The Vintage Golf Course
- Interactive map of The Vintage Golf Course

= The Vintage Golf Course =

The Vintage is a golf resort in Rothbury the Hunter Valley New South Wales, Australia a two-hour drive from Sydney. It has an 18-hole Championship golf course designed by golfer and course designer Greg Norman.

The resort has a $5 million clubhouse, a fitness center, 44 Grand Mecure apartments and the Chateaux Elan hotel. The resort was developed by American entrepreneur Don Panoz and Australian business manager John Stevens. Panoz owns other golf resorts in the US, including Chateau Elan in Georgia and the Diablo Grande.
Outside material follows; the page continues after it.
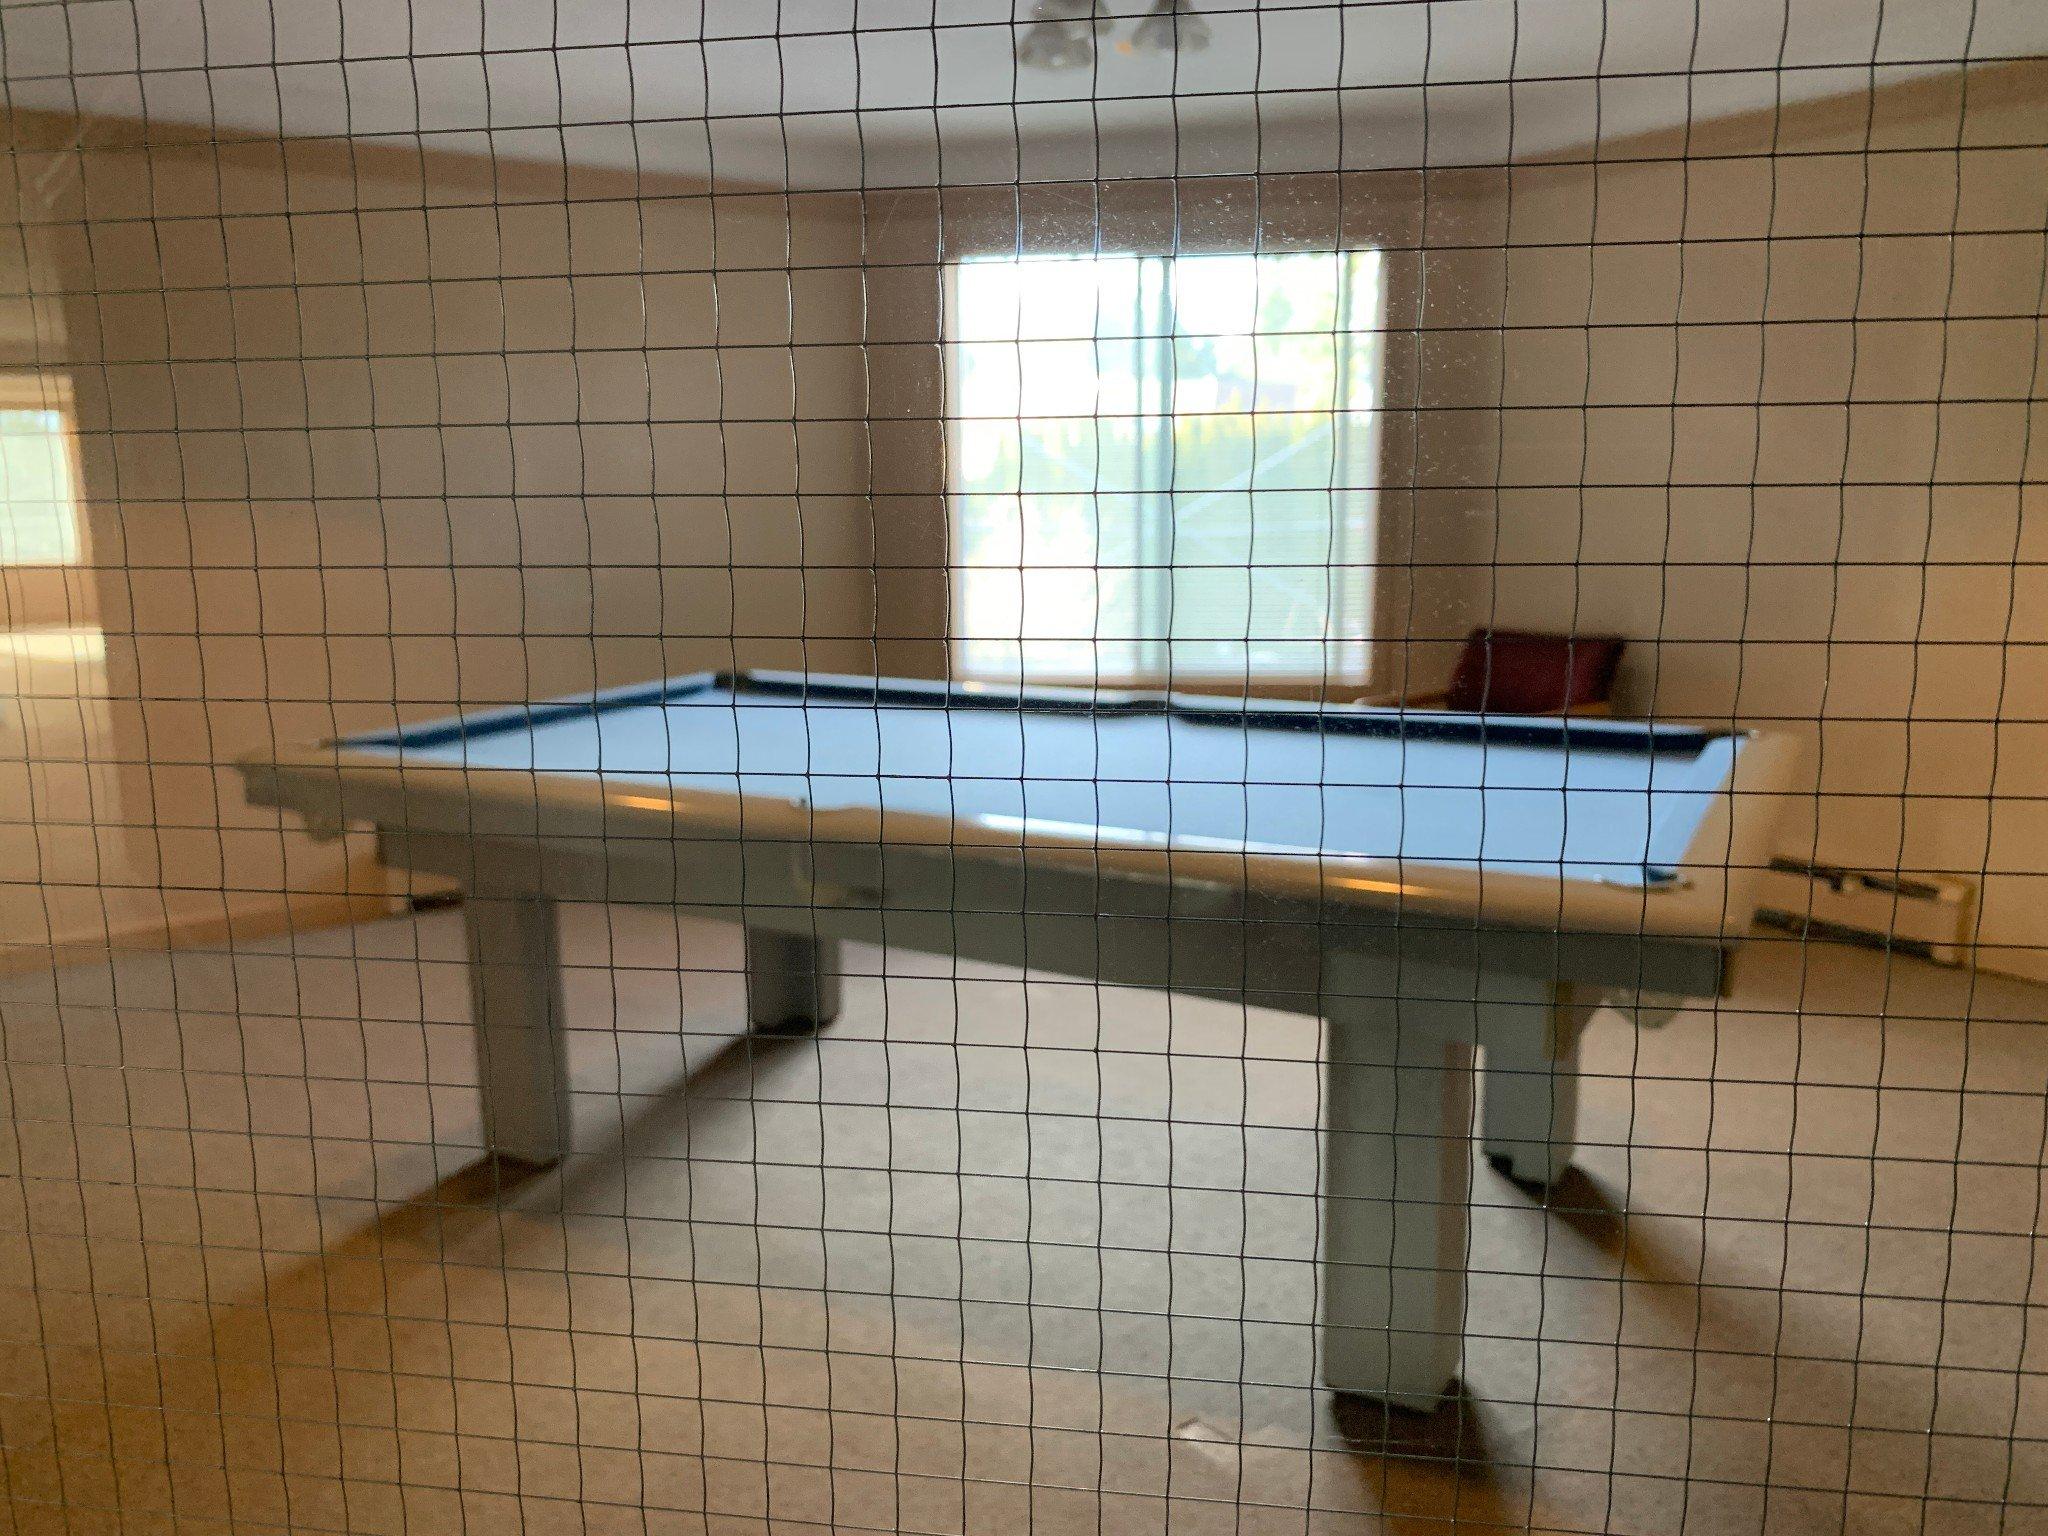 Photo 13: Photos: #510 2700 McCallum Rd. in Abbotsford: Central Abbotsford Condo for rent

The Vintage is home to the NSW Open Golf Championship, the final golf tournament of the Australasian Von Nida Tour.

The Vintage head golf professional is Richard Mercer.

== Expansion ==
Don Panoz brought with him to The Vintage, a vision of expansion and growth for the resort. The plans included a Day Spa to be completed by early 2009, a hotel and outdoor entertainment arena as well as another 9 hole golf course. The day spa was subject to delays awaiting approval by council and as a result was only completed in 2010. The Chateau Elan hotel and villas was also completed in late 2010. The Chateau Elan hotel was sold to the Beijing based Sunshine Insurance Group for more than $40 million in 2015.

== NSW Open ==
=== 2007 ===
The NSW Open was held for the first time at The Vintage in 2007, with a new innovative form, whereby a pro-am event is played on the weekend as well as the final two days of the tournament. The prize money in 2007 was $115,000 (AU).

=== 2008 ===
In 2008 the tournament grew in size and stature. The event was won by Aaron Townsend.

=== 2009 ===
In 2009 the NSW Open once again returned to The Vintage. The event was promoted to the PGA Tour of Australia, scheduled for the week preceding the Australian Open, from 26 November to 29 November.